To illustrate, IBM has run some lab tests using the IRWW benchmark to measure the benefit of static SQL when compared with dynamic SQL for .NET applications. The chart below (Figure 2) shows that in this particular environment, the lab was able to significantly reduce CPU utilization by using static SQL. They even saw good results when DB2 was finely tuned and was able to attain 100% statement cache hit ratios. For more information about this performance study, see the article "More pureQuery Performance: Now with .NET applications accessing DB2 for z/OS" (see Resources).
Figure 2. .NET-based IRWW benchmark average CPU consumption per transaction (lower is better)
In addition, because the access plan is determined ahead of time (at bind time), your applications are much more likely to yield consistent, stable performance.
Finally, from a security point of view, static execution of SQL provides greater control over the SQL that is executed and can help reduce the risk of SQL injection, which is a known security risk for dynamic SQL. This is because with static packages, you only need to authorize users to execute the package, which means they are limited to only executing SQL that's in the package. With dynamic SQL, you need to provide access to the underlying data object.
If you're interested in learning more about how pureQuery client optimization can help you transform your existing .NET applications to use static SQL (without modifying any source code!), then read on.
Enable an existing application for pureQuery using client optimization
A key benefit of pureQuery is the ability for database applications to take advantage of static SQL when they may not have been able to before. As mentioned before, static SQL (as defined by DB2) is the ability to precompile an application's SQL before the application is executed for the first time. Having this information can provide insights that may improve performance, problem determination, and security.
Support for static SQL in new application development has been around for a long time for traditional programming languages (for example, COBOL or C) and more recently for Java applications (for example, through Java's SQLJ language extension and the Java pureQuery API). Existing ODBC- and CLI-based applications that were implemented without the programming languages static SQL support can leverage static SQL through DB2's CLI/ODBC Static Profiling feature. With the introduction of the pureQuery client optimization feature, existing .NET applications can now also reap the benefits of static SQL.
The pureQuery client optimization feature was designed with those existing applications in mind, for which a re-implementation of the data access layer (to take advantage of static SQL) is not a viable option.

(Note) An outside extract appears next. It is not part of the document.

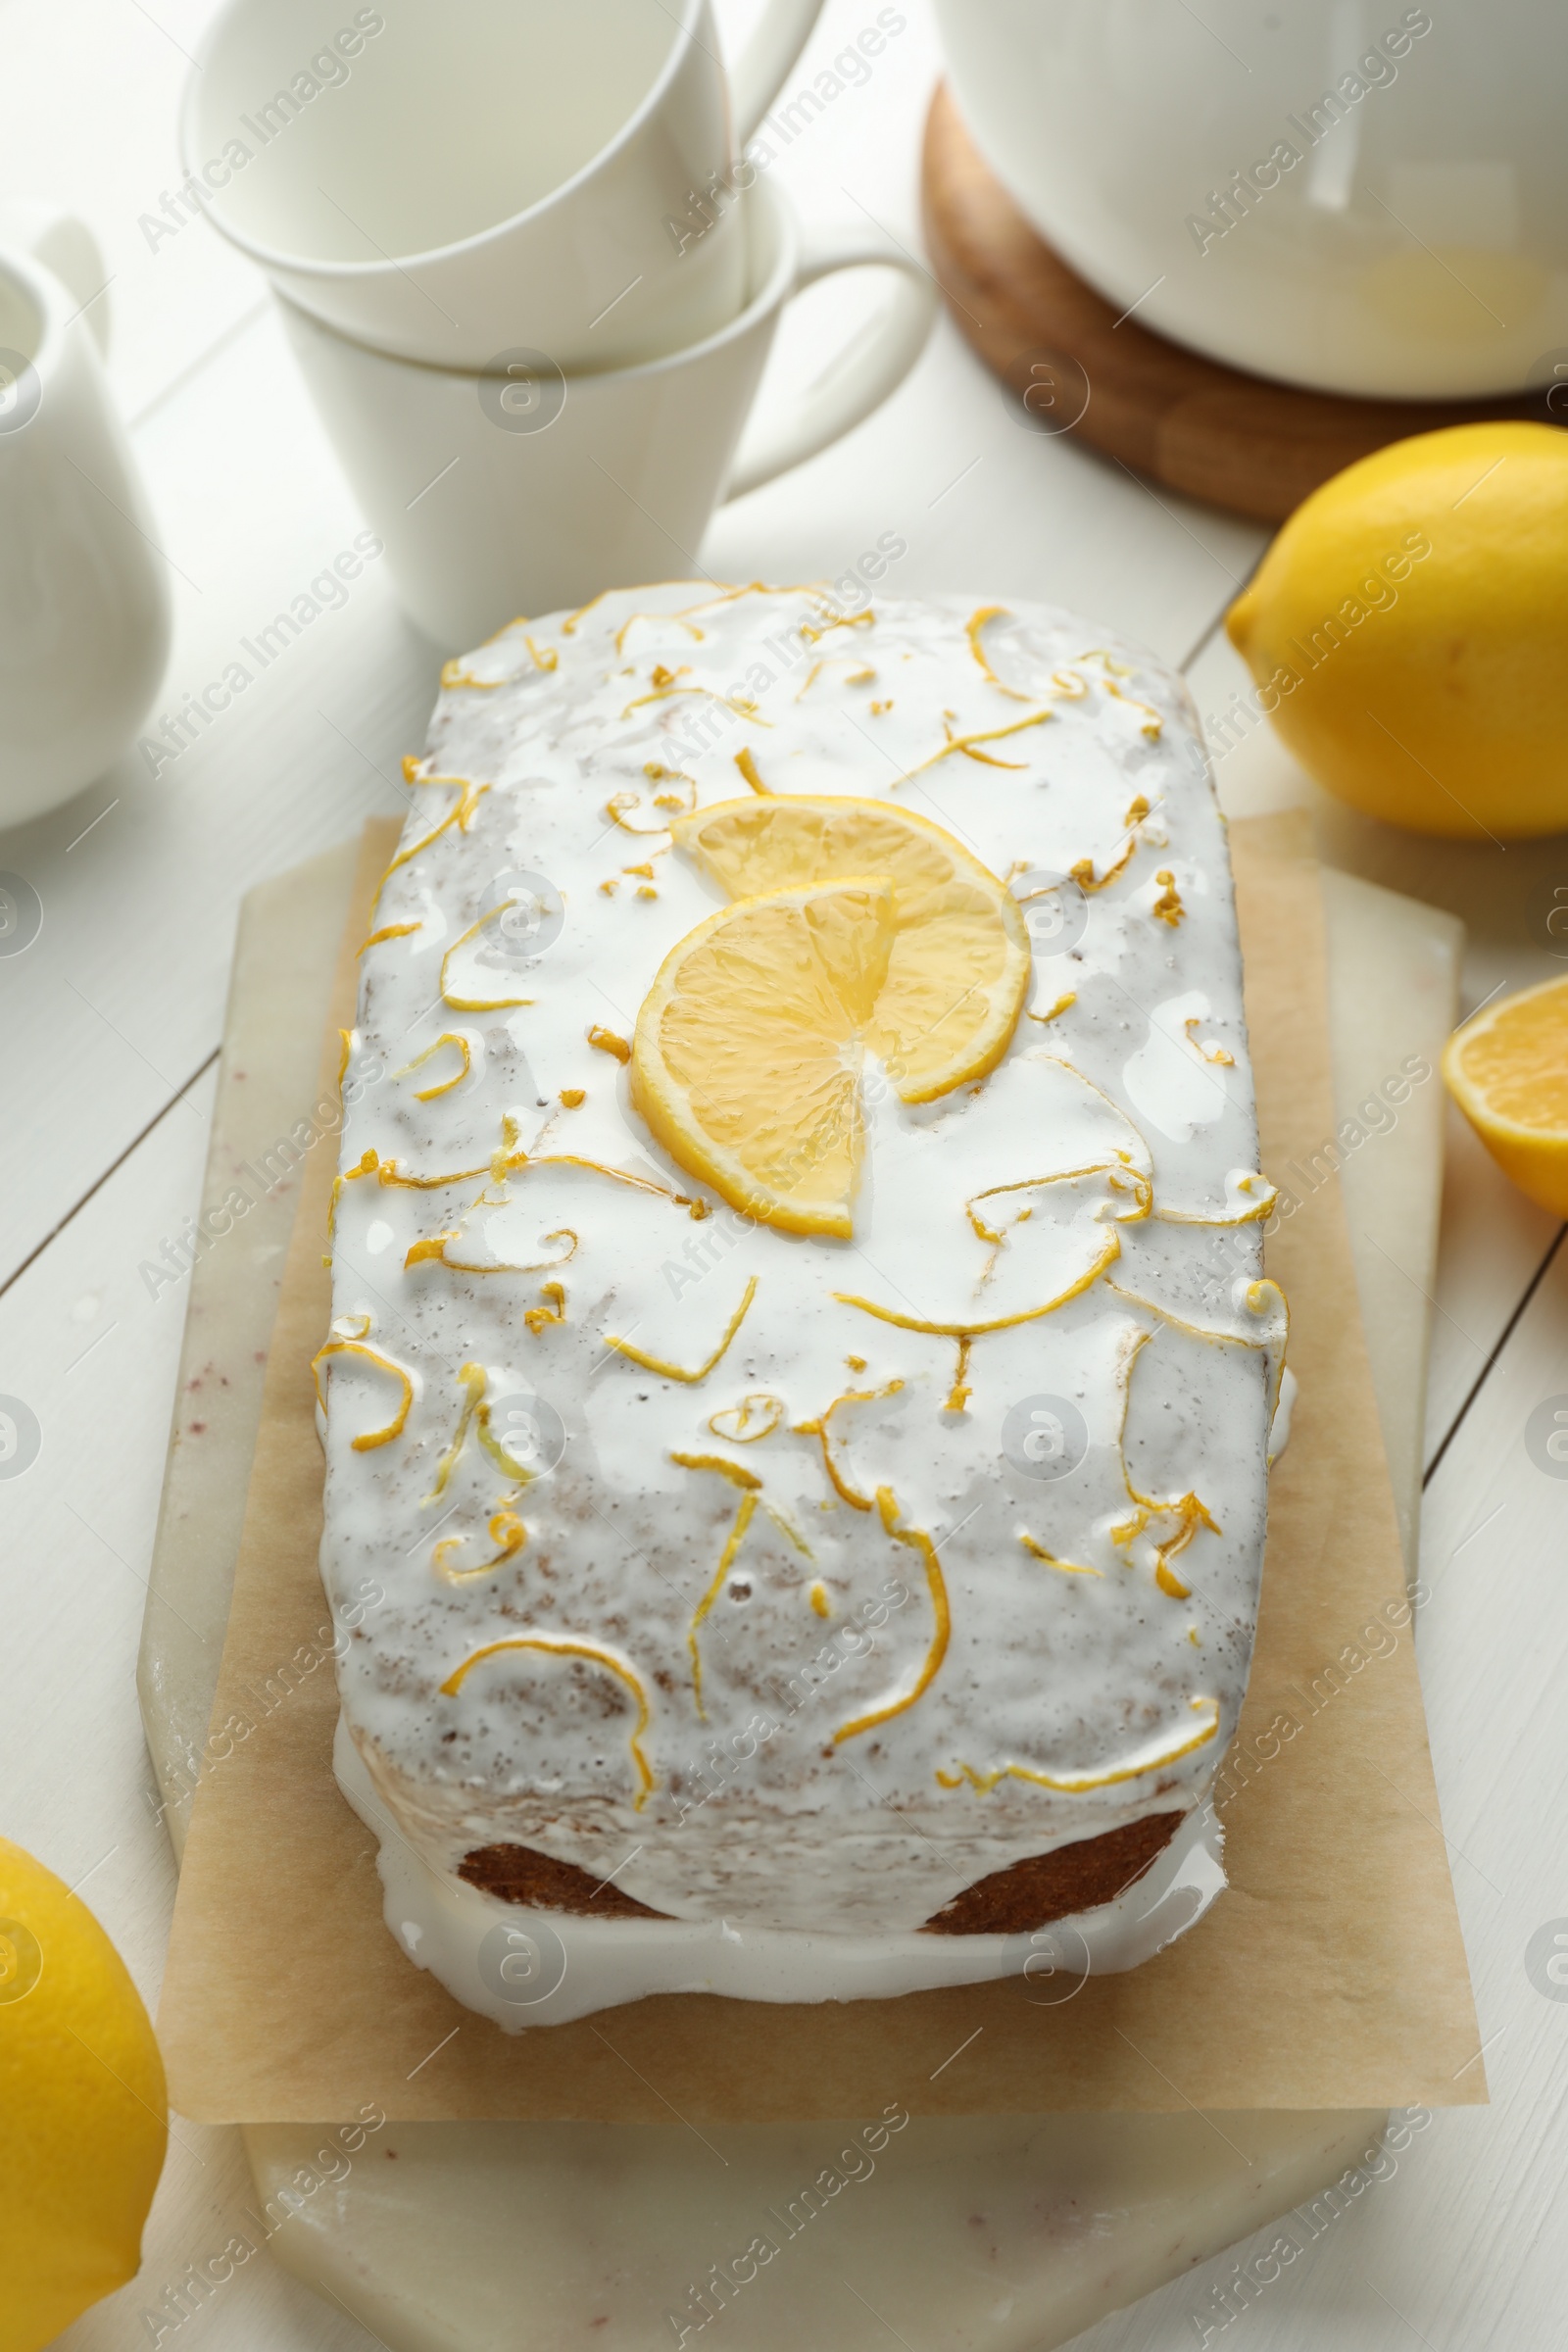 Photo of Tasty lemon cake with glaze and citrus fruits on white table, closeup

The process of enabling an existing application for pureQuery (or in other words, static SQL) is divided into four phases, which are depicted in Figure 3.
Figure 3. pureQuery client optimization process overview
- Capture: You configure the IBM Data Server Provider for .Net, which is used by .NET applications to access DB2 data servers, to capture the application's successfully executed SQL while that application is running. The captured information is stored in a text file, which is processed in a subsequent phase by a DB2 utility and consumed by the IBM Data Server Provider for .Net.

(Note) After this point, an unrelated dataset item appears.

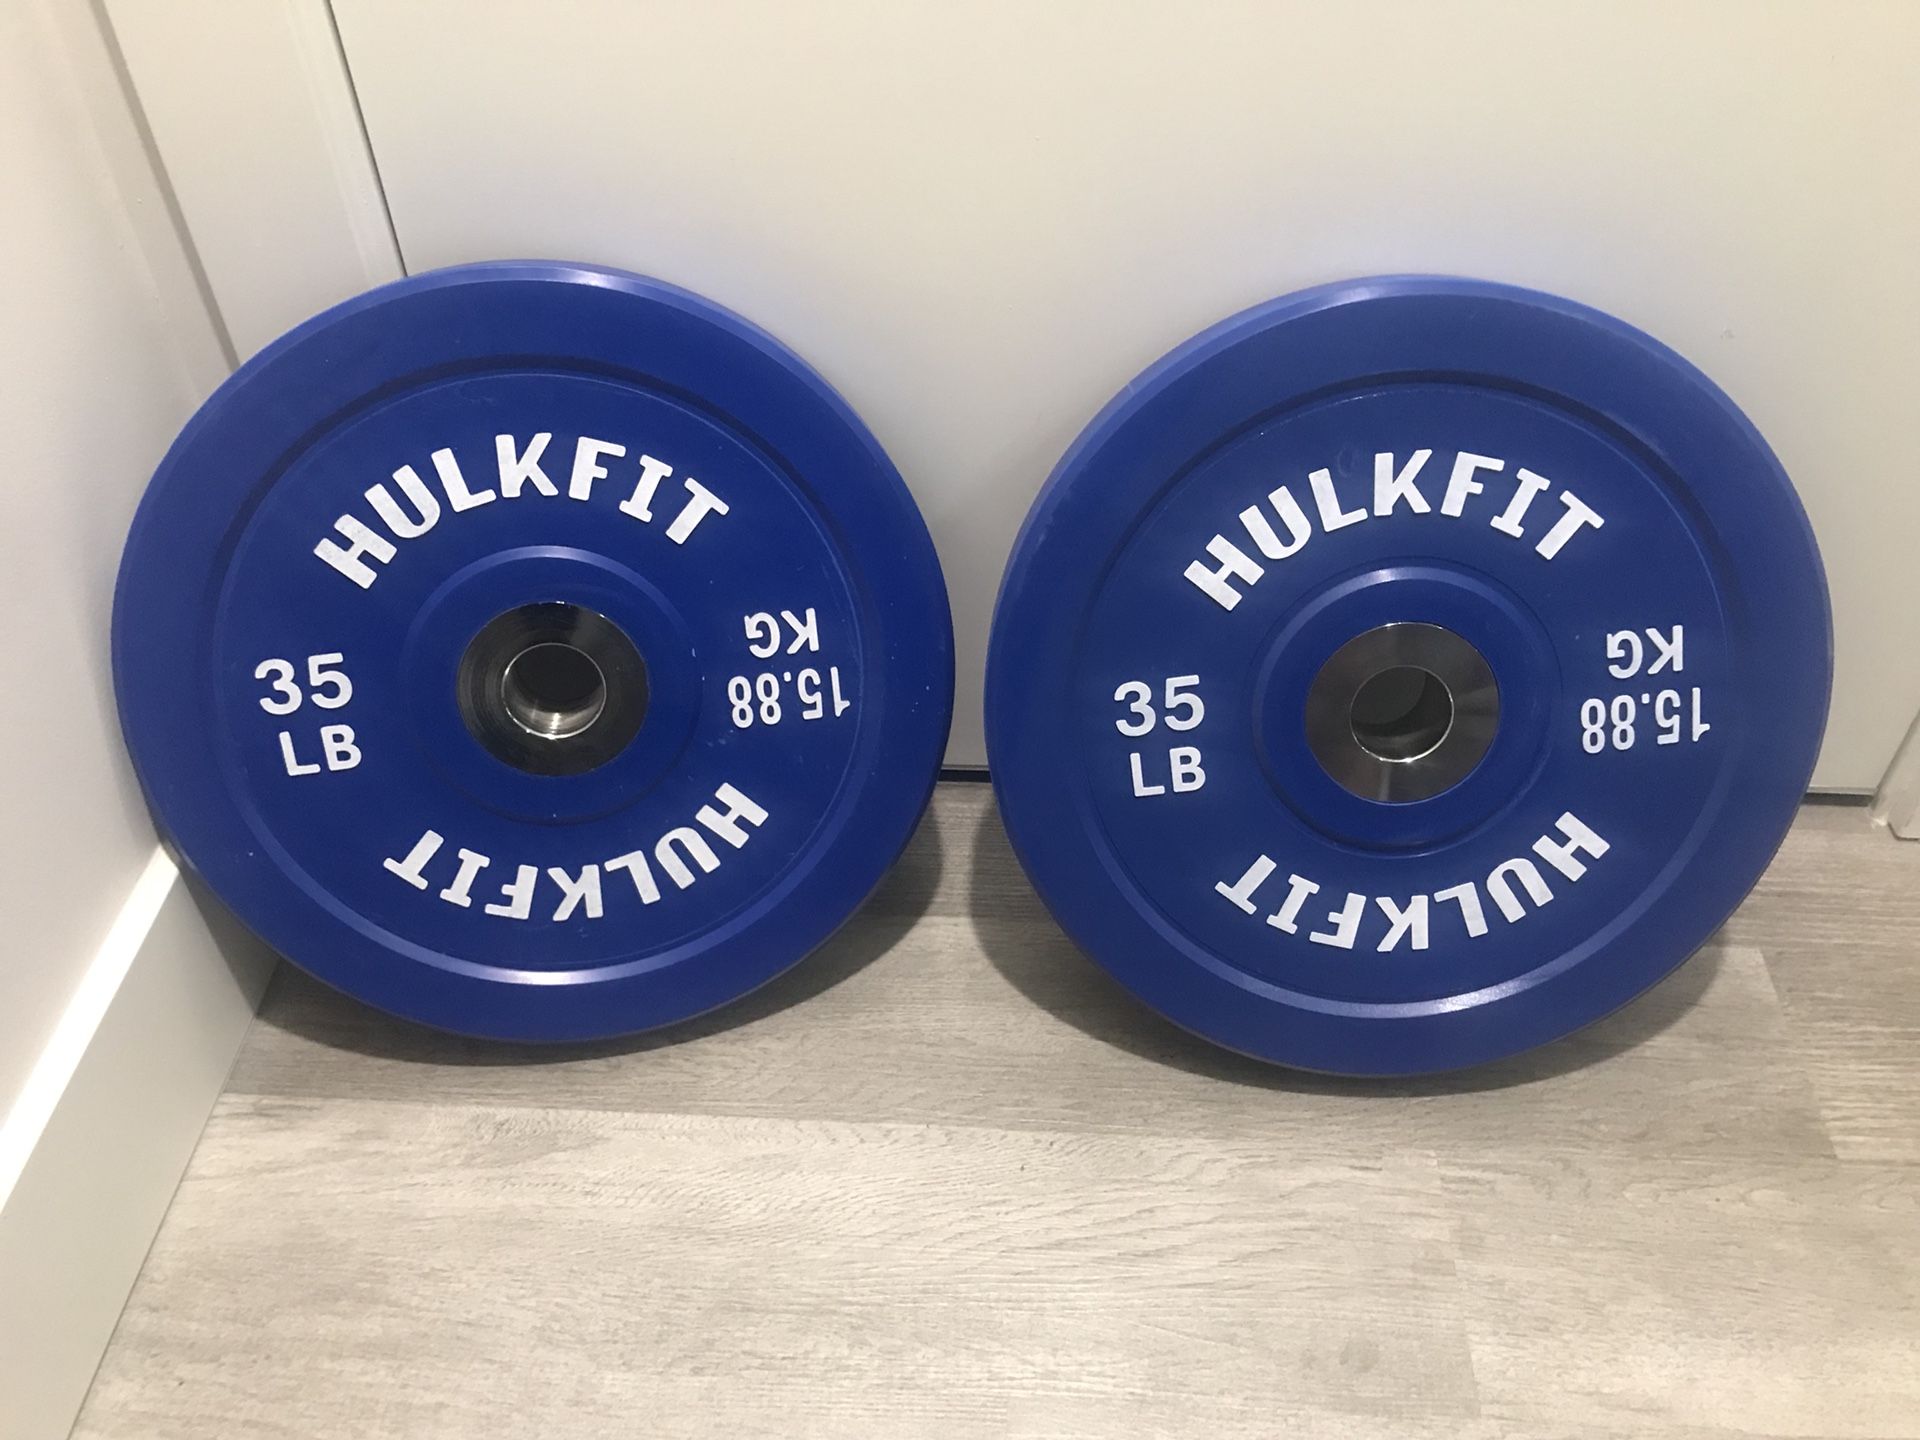 35 lb bumper plates barbell weights

- Configure: The captured SQL and its associated metadata is enriched with information that enables a DB2 utility to create one or more database packages, which enable the IBM Data Server Provider for .Net to execute SQL statically.
- Bind: Use the
db2caputility to process the configured metadata file and create database packages that correlate to the captured SQL.
- Execute: Configure the IBM Data Server Provider for .Net to statically process SQL you had previously captured, configured, and bound.
This process is an iterative process that is typically performed in a test environment. Once the target application has been validated, you can move it and its associated pureQuery-related artifacts (the configured capture file and the database packages) to the production environment.
Enable pureQuery for the IBM Data Server Provider for .Net
The IBM Data Server Provider for .Net, which is IBM's recommended .NET data provider for DB2 databases, has been extended to provide pureQuery functionality that enables you to selectively dynamically or statically execute an application's SQL without having to modify your existing application. This pureQuery-enabled provider is included in the following products:
- IBM Data Server Driver for ODBC, CLI, and .NET, Version 9.5.3 (or later)
- IBM Data Server Runtime Client, Version 9.5.3 (or later)
- IBM Data Server Client, Version 9.5.3 (or later)
- DB2 for Linux®, UNIX®, and Windows®, Version 9.5, Fix pack 3 (or later)
The provider's pureQuery functionality is a separately licensed feature and is disabled by default. To unlock the functionality, you must acquire an IBM Data Studio pureQuery Runtime license and apply it. This section of the tutorial walks you through the process of installing the pureQuery Runtime and shows you how to apply the pureQuery license.
Install the pureQuery Runtime
To install your licensed pureQuery Runtime on the machine where your .NET application resides, download it from Passport Advantage and follow the simple instructions that are well documented in the pureQuery Runtime installation section of the Integrated Data Management Information Center. (See Resources for a link to the Information Center to access the instructions.)
Activate the IBM Data Server Provider's pureQuery functionality
The pureQuery license activation steps vary depending on which of the above products you have installed.
If you installed the IBM Data Server Driver for ODBC, CLI, and .NET, copy the license file dspq_rt.lic, which you can find in the (default pureQuery Runtime installation) directory C:\Program Files\IBM\Data Studio pureQuery Runtime\pureQuery\, to the driver's licence directory. This .NET provider license directory is located by default in C:\Program Files\IBM\IBM DATA SERVER DRIVER\license\.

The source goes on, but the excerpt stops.